ところで、今年の社労士試験の合格率の話が昨日も出ました。しかし皆さん、合格率の低さばかりにとらわれすぎていませんか? 合格基準点が劇的に上がったわけではなく、補正(救済措置)が全く行われなかったわけでもありません。試験問題的には「中の上」という感じでしょうか。巷では高難度、という評価が多いですが、僕はそうは思いませんね。難問奇問の類は、毎年の試験で散見されるもので、今年それが際立って多いわけでもありません。出題形式から見ても、(数年前から出ている)個数問題の登場は難易度の上昇に寄与していますが、組合せ問題は(どちらかと言えば)難易度を下げる方向に寄与しているでしょう。むしろ問題は、度重なる法改正で、質量ともに各法のボリゥムが重くなっているにも拘らず、受験校や受験生の側が限られた時間の中で対処しなければならない、という点にあるのではないでしょうか。簡単に言うと、消化不良です。例を挙げて説明します。今年は選択式で4科目に補正が入りました。この補正が行われる状態、というのは、まず単純に問題そのものが難しかった場合。次に、問題はそれほど難しくないが、合格者数を調整するために補正を入れる、という考え方もあります。おそらく毎年、これらの要素が微妙に絡み合いながら、さらに、合格者数を何人にするか、も踏まえて補正が入るはずですが、問5(社一)問7(厚年)に補正が入るのは、単純に難易度だけを見た場合、ちょっと考えにくいです。近年の受験生レベルは、それほど低くありません。それなのにこの2問に補正が入ったということは、受験生に全体を俯瞰する余裕がなくなってきているのかな(特に問5)、という感覚を僕に抱かせます。フツーなら、目的や理念を記載した条文は暗記するくらい読み込むでしょ。

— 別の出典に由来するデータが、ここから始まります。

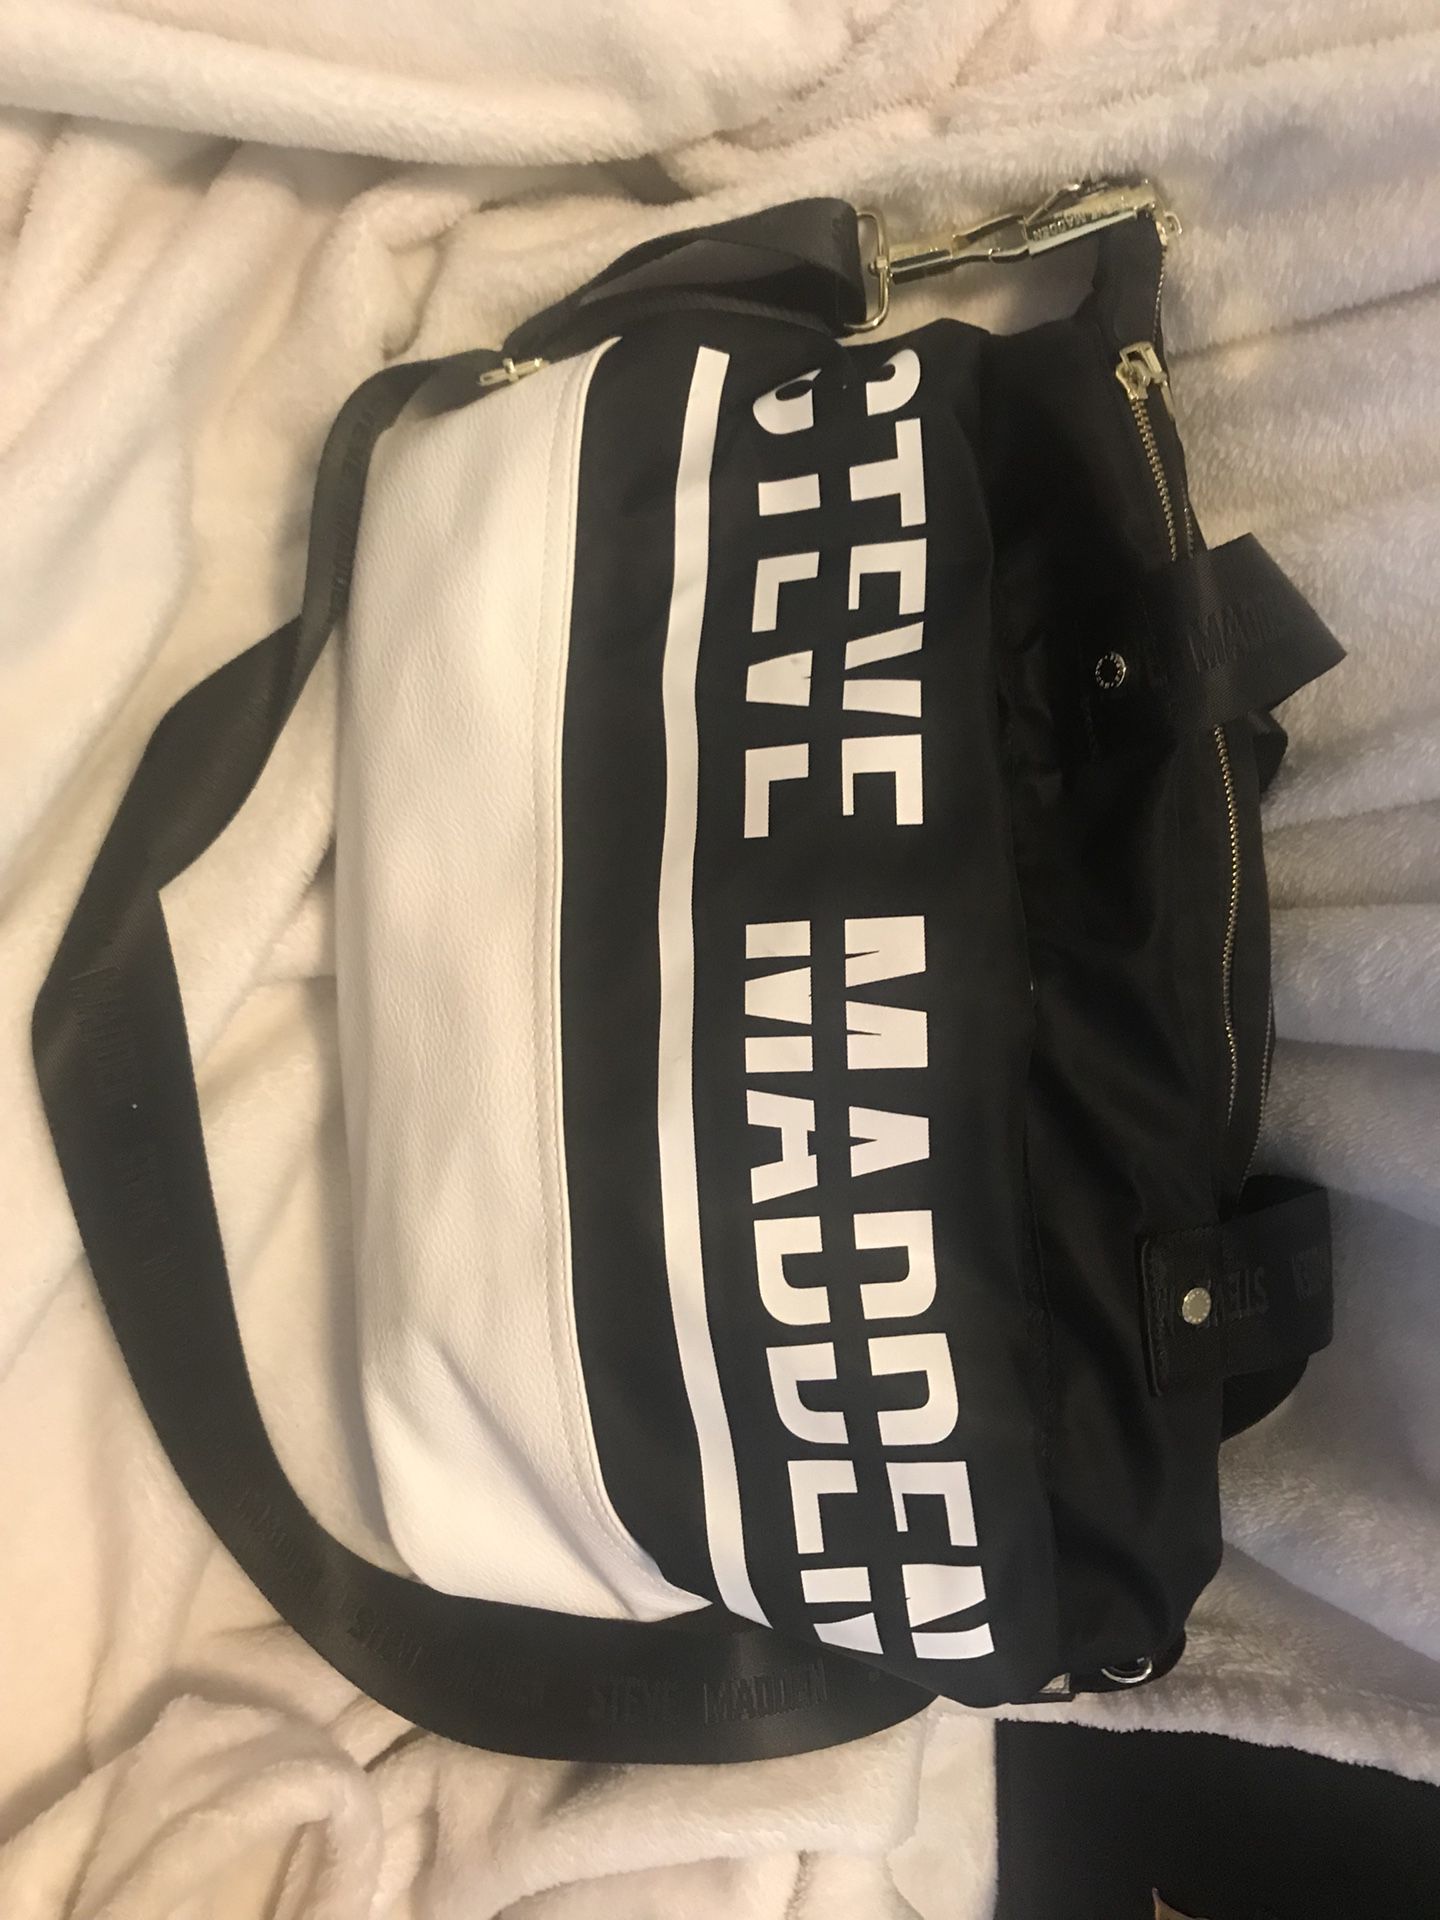 Steven Madden Duffle Bag for Sale in Glendale, AZ - OfferUp

ところで、僕は、1,000人や2.6%に驚いたわけではありません。選択式の基準をこれだけ下げたにもかかわらず(全科目の半分に補正、最低点は21点。択一式は近年、補正はあまり入らないので例年通り)、1,051人しか合格しなかった、という事実に対して、です。しかしまぁ、僕にも責任のいったんはあるので、反省を踏まえ、次年度の講義をどのような方針で望むか、決めました。結論から言うと、上級クラスはよりオタクっぽい、矮小な話をニコニコしながら話すことが増えると思います。もともと僕はこういう話が大好きなのですが、近年は講義の延長に対するお叱りもあって、これでも若干控えめにしておりました。しかし今回、このような理由で話さなかったところから、何箇所か出てしまいましたので、僕としても放っておけなくなりました。思えば、日本マンパワーで仕事をしていた頃は、夜クラスの定時が21時なのに、講義の終了が22時を過ぎることもちらほら。そのあと近くのピザ屋さんで質疑応答、というときも(何度も)ありました。大原の人が聞けば卒倒しかねません。まぁ、ここまではしませんが、話さなけれないけないな、と思うところは時間を気にせず話すことにします(今回、上級は朝クラスだけなので、多少、時間的に余裕がある受験生かな、と思うので)。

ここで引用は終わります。